The South Korean company is sold out on HBM till 2026. It is not clear to me why they are so constrained on capacity. My guess is that the reason is not complicated: no one anticipated there being this much demand for HBM this fast. The facilities needed to produce HBM are also difficult to make and require lots of resources, time to build, and training for personnel.

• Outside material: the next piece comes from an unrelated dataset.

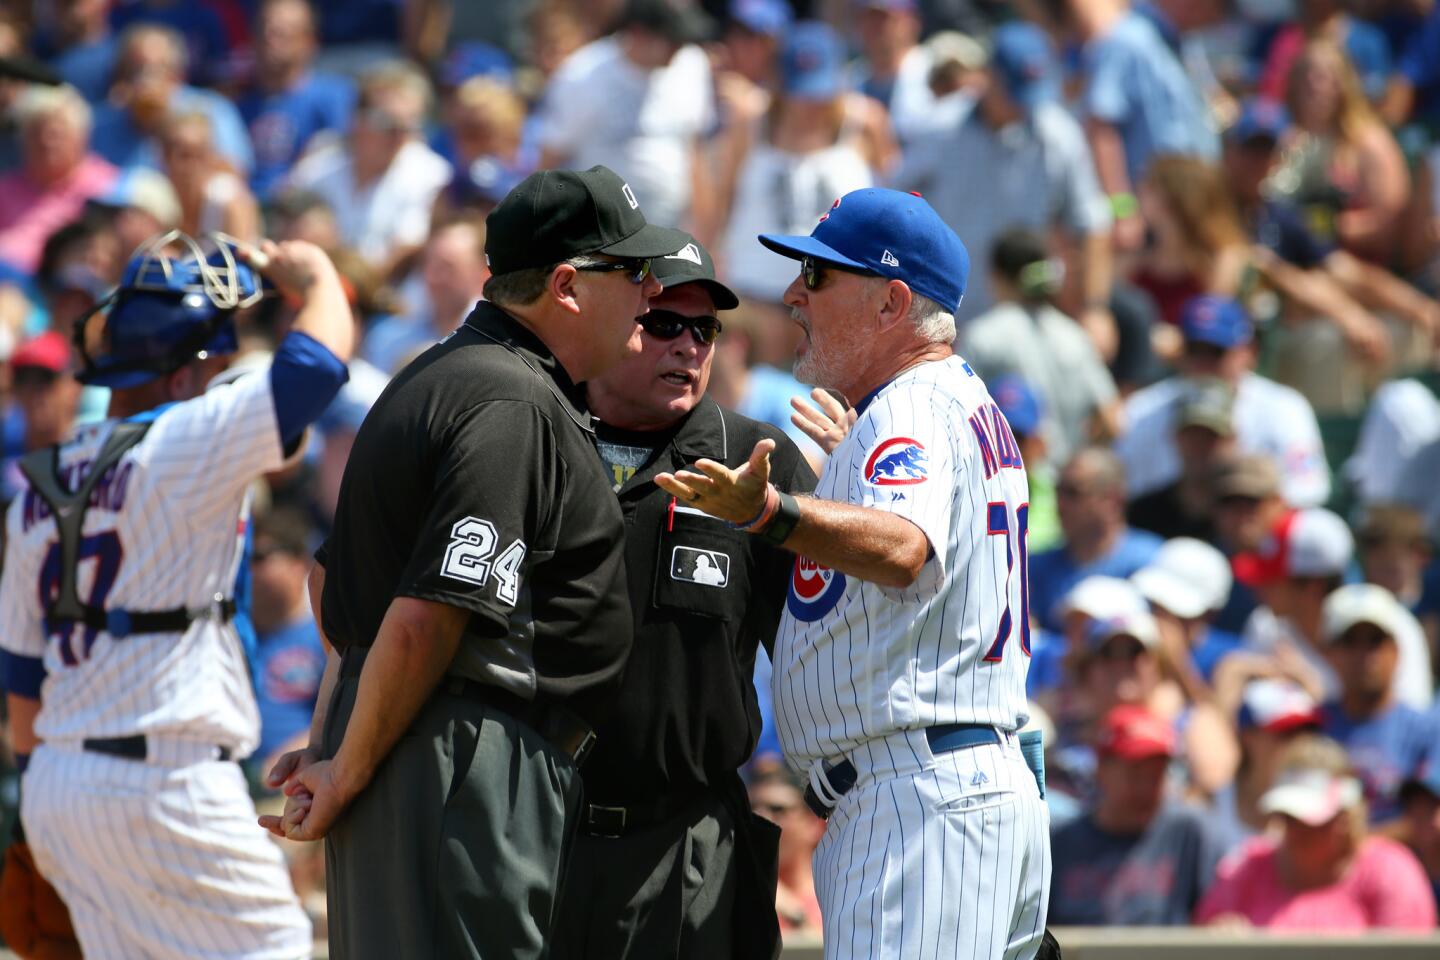 Joe Maddon argues with the umpires in the fifth inning about a pitch by Jake Arrieta they claimed hit the batter, Charlie Blackmon, during a game against the Rockies at Wrigley Field in Chicago on Sunday, June 11, 2017.

Why not use something other than HBM? My understanding is that HBM is the only form of memory that can give a reasonable power profile in addition to the required bandwidth. It is also cheaper compared to other forms of memory like SRAM. I imagine there are other more tacit reasons for picking HBM, but they are probably detailed in some internal Nvidia documentation.
As for the future, both Micron and SK Hynix are aggressively expanding production capacity. The goal is to be able to produce as many HBMs as possible. Analysts estimate 45% annual growth between now and 2030. More recent news came out that SK Hynix was awarded CHIPS Act grant money, and with the recent success in Arizona, I would not be surprised if HBM supply grew faster than 45% annually.
Expansion and future outlook
GPU production is bottlenecked by HBM and CoWoS packaging capacity. Increasing this capacity is the hardest part of ramping up production, and as soon as that is done, I predict that die fabrication for GPUs will become an increasing part of TSMC’s fab capacity at the 3nm node. Recently announced expansions include contracting out CoWoS packaging to American companies like Amok, which is a unique and noteworthy development. Amok is also a CHIPS Act recipient.
Given these expansions, we could see GPU production be enough to sustain training runs with at least tens of millions of H100 equivalent GPUs by 2030, going up to 400 million H100 equivalents.
Thanks to Emily Nobes for helpful feedback.
Standard caveats apply: this is highly simplified for the purposes of this article, reality is way more complicated, etc.